▶ WHAT NEEDS TO BE DONE
Take the listing from its first line through the line that contains "In October we wear pink vector" and please retype those lines exactly, leaving out the pictures.
___ SUPPLIED INFORMATION
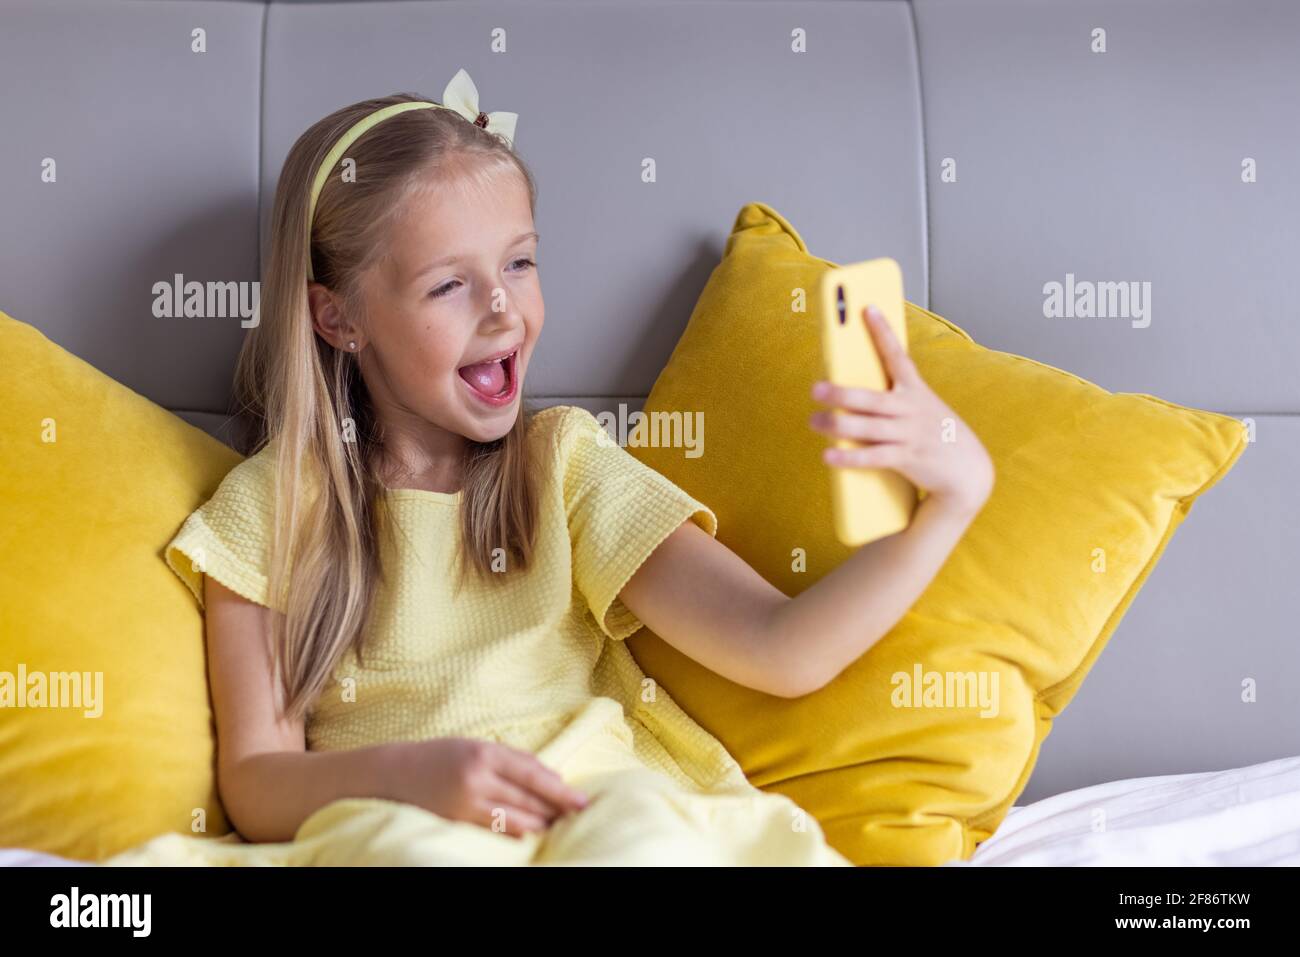 Jolie petite fille de race blanche avec cheveux blonds dans une robe  tendance couleur jaune illuminée assise à la maison pendant la quarantaine  pandémique du coronavirus et Photo Stock - Alamy
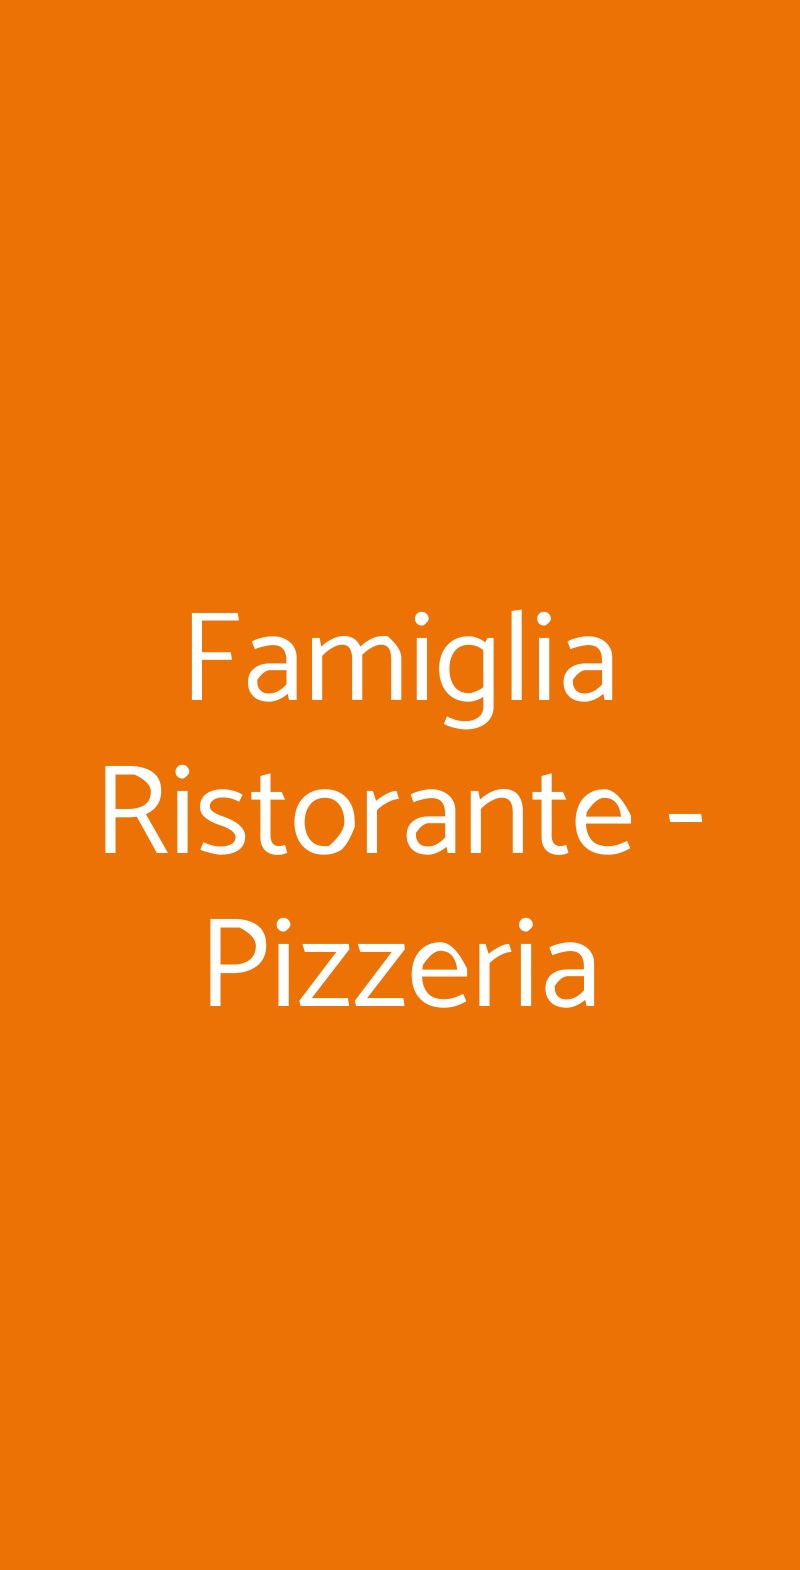 Famiglia Ristorante - Pizzeria Roma menù 1 pagina
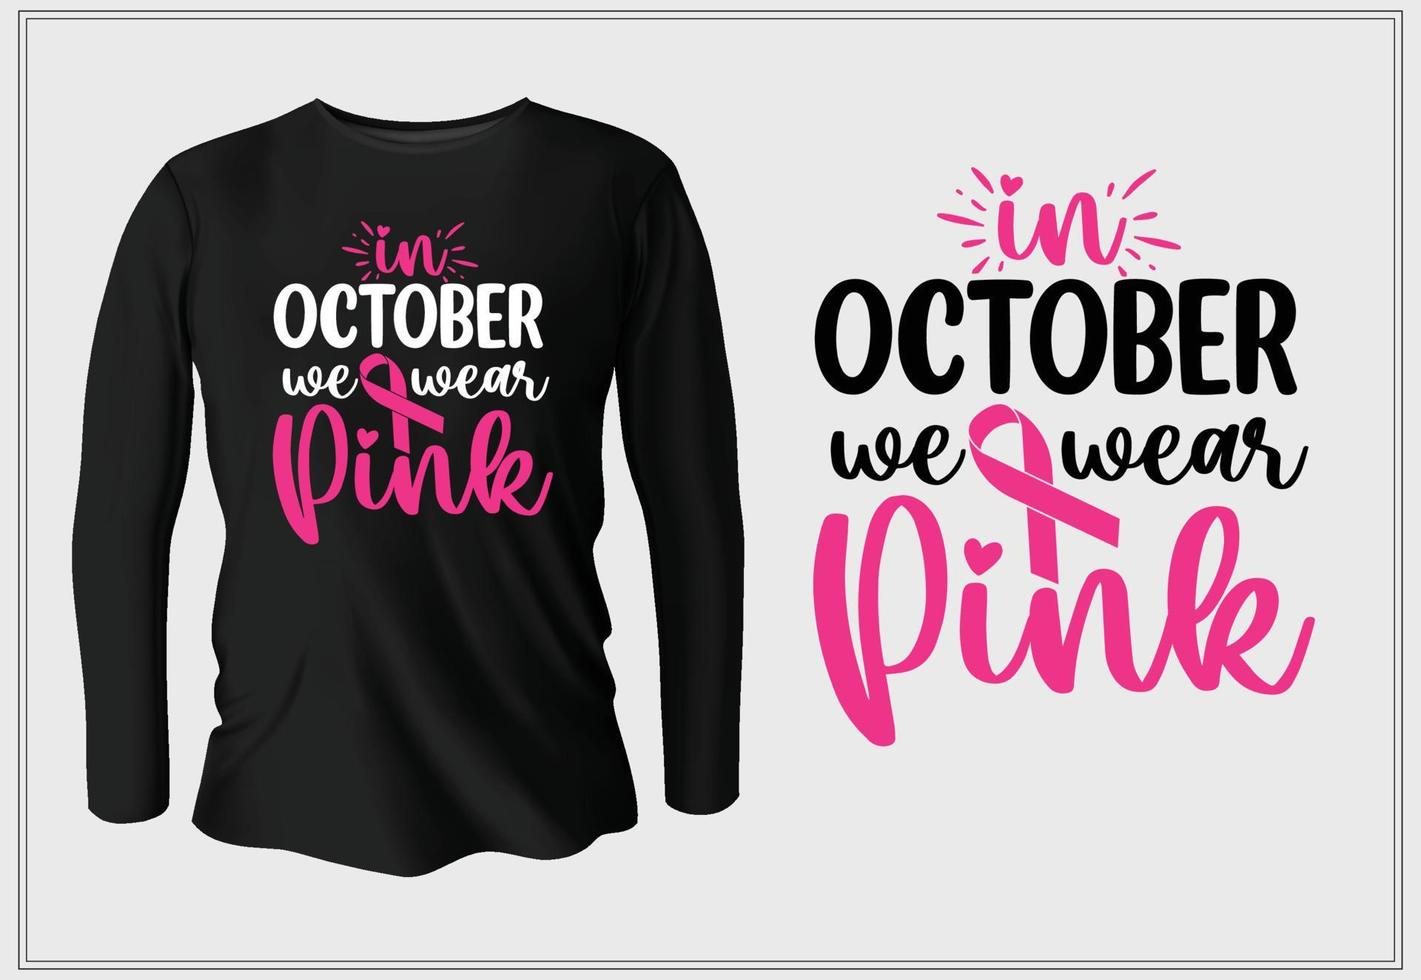 In October we wear pink vector
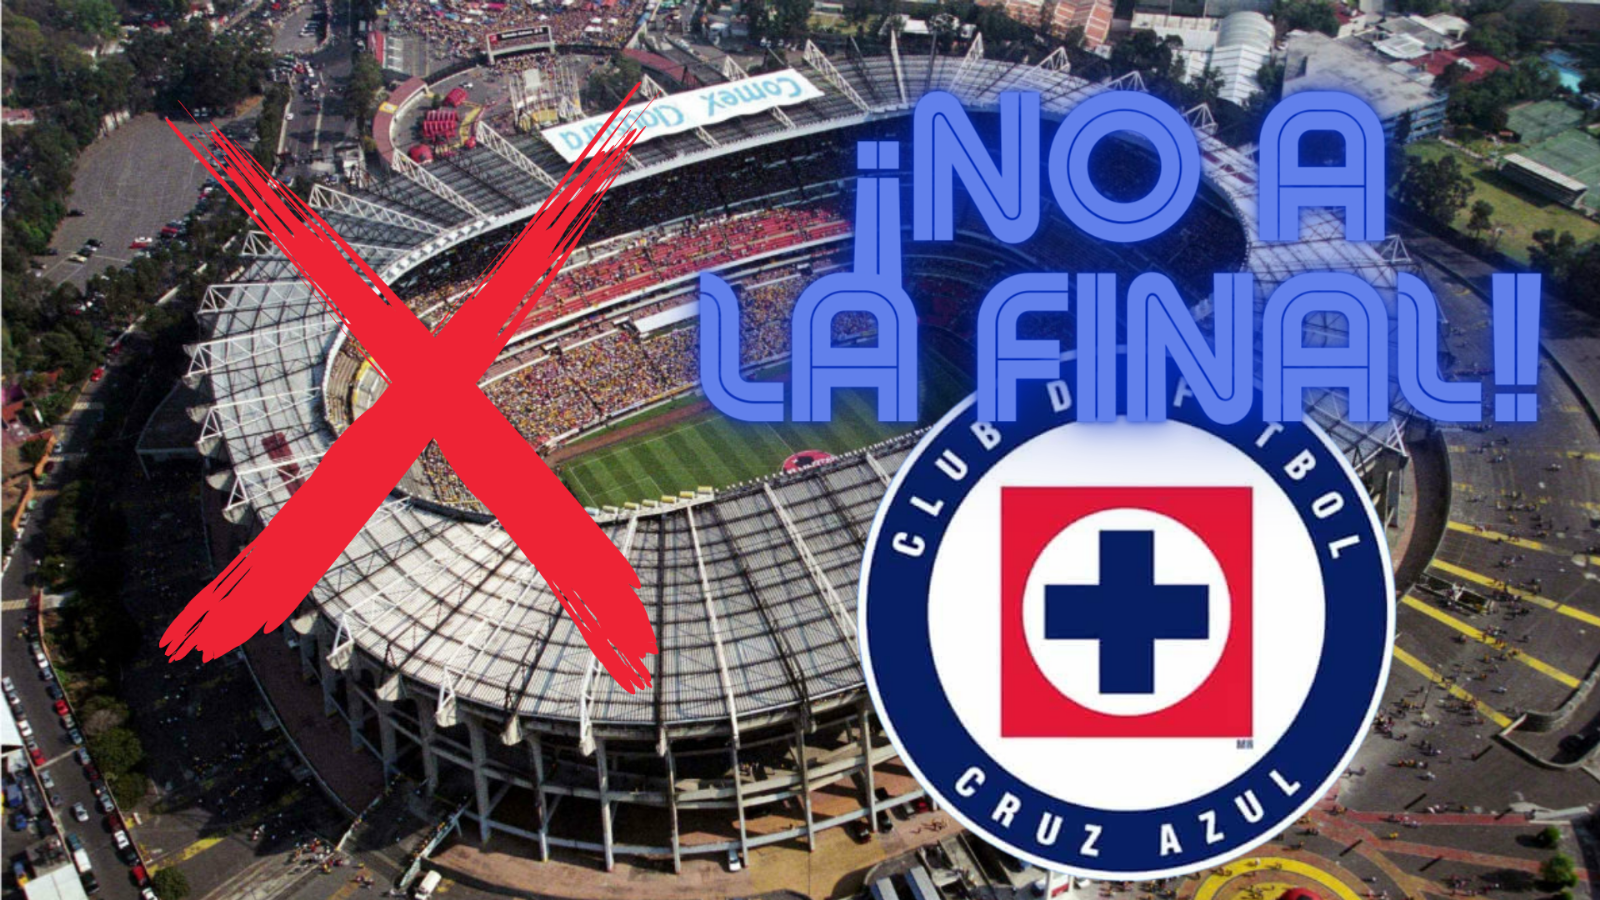 Las RAZONES por las que Cruz Azul decidió NO JUGAR LA FINAL de ida en Estadio Azteca
______
▶ RESPONSE BOX
 Jolie petite fille de race blanche avec cheveux blonds dans une robe  tendance couleur jaune illuminée assise à la maison pendant la quarantaine  pandémique du coronavirus et Photo Stock - Alamy
 Famiglia Ristorante - Pizzeria Roma menù 1 pagina
 In October we wear pink vector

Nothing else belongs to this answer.